Il rapporto di Fulford, composto da due volumi per un totale di 763 pagine, ha evidenziato cinque aree di fallimento sistematico, tra cui un’incomprensione dell’autismo, una mancanza di supervisione dell’attività online di Rudakubana e l’assenza di un’agenzia che si assuma la responsabilità per lui.
All’assassino è stato formalmente diagnosticato l’autismo nel febbraio 2021, ma Fulford ha concluso che Prevent, la polizia e il servizio sanitario nazionale non erano riusciti a comprendere la minaccia rappresentata dal disturbo e hanno utilizzato la condizione per giustificare la sua violenza.

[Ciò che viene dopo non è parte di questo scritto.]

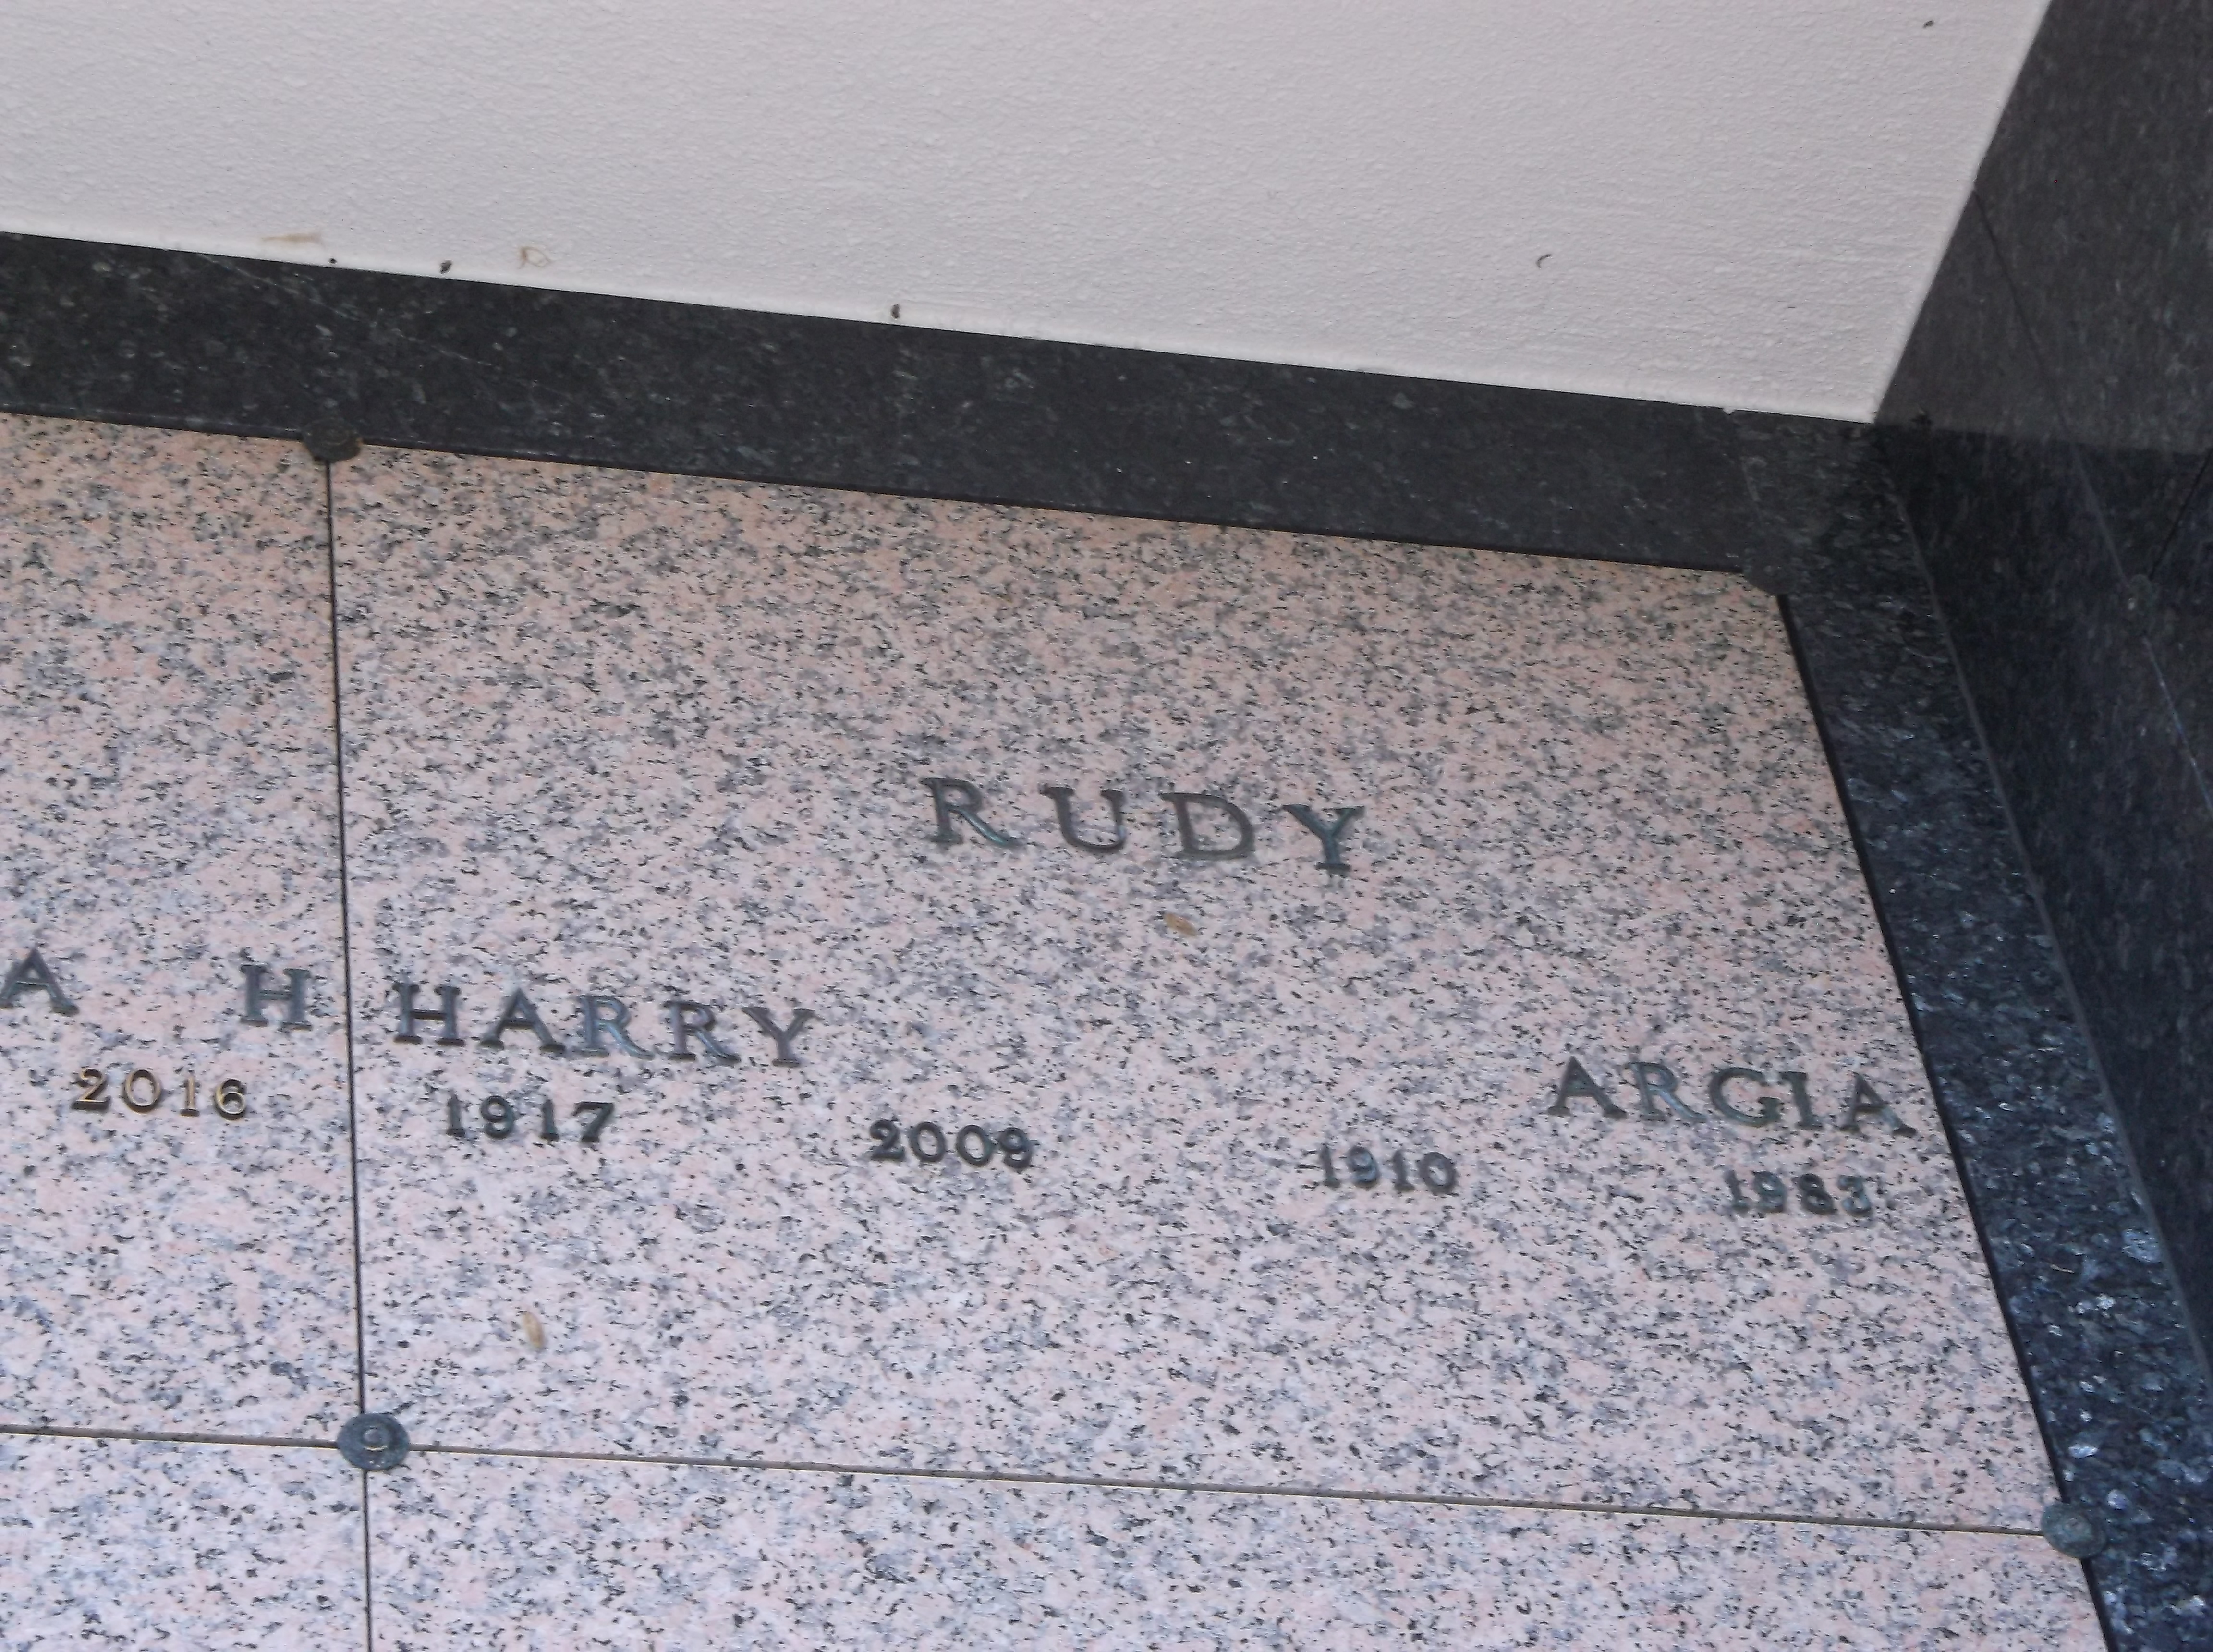 Harry Rudy

Fulford ha scritto: “Troppo spesso, il ‘caso’ (di Rudakubana) è stato passato da un ente del settore pubblico a un altro in un’inappropriata giostra di deferimenti, valutazioni, chiusure di casi e ‘passaggi’.”
Ha aggiunto che varie agenzie hanno avuto un malinteso fondamentale sull’autismo e su come esso influenzi il comportamento di Rudakubana. Fulford ha detto che “usavano regolarmente il suo autismo come spiegazione o addirittura scusa per la sua condotta, inclusa la sua violenza”.
Il presidente dell’inchiesta ha aggiunto che il disturbo dello spettro autistico, anche prima della sua diagnosi formale, era stato “un modo per agenzie come la polizia, Prevent e i servizi sociali di considerare qualsiasi comportamento difficile di (Rudakubana) come un problema di ‘salute mentale'”.
Mahmood ha detto ai parlamentari: “Nessuna delle agenzie coinvolte aveva una piena comprensione del rischio posto dall’autore del reato, e molte non hanno adottato misure per valutare il rischio che rappresentava per gli altri.
“C’è stato un fallimento da parte delle agenzie coinvolte nell’assumersi la responsabilità, e nessuno era chiaro su chi fosse responsabile. Quindi il fallimento perché apparteneva a tutti, non apparteneva a nessuno, in cui gli individui hanno perso l’opportunità di intervenire.”
Il governo affronterà i contenuti estremi
Il ministro degli Interni ha detto che il governo risponderà alle raccomandazioni entro l’estate. Ha anche annunciato che avrebbero legiferato per prevenire la diffusione di contenuti estremamente violenti online, cosa che Rudakubana ha osservato ampiamente.
Ha detto che sarebbe stato introdotto anche un nuovo reato per coprire gli individui soli che pianificano uccisioni di massa non terroristiche, con una pena massima dell’ergastolo, come raccomandato da Jonathan Hall, il consigliere indipendente sul terrorismo.
Rudakubana è stato incarcerato per 52 anni nel gennaio 2025 per i tre omicidi. Ha evitato l’ergastolo perché era troppo giovane di nove giorni.
Mahmood ha affermato che la seconda parte dell’indagine di Southport affronterà direttamente il numero crescente di “giovani uomini affascinati dalla violenza estrema, ragazzi le cui menti sono deformate dal tempo trascorso in isolamento online”.
Ha aggiunto: “Questo è un rischio per tutti noi. Quando qualcuno è vulnerabile al terrorismo, può e deve essere gestito attraverso il programma Prevent. Tuttavia, dove non lo è, non esiste un approccio chiaro a tale rischio”.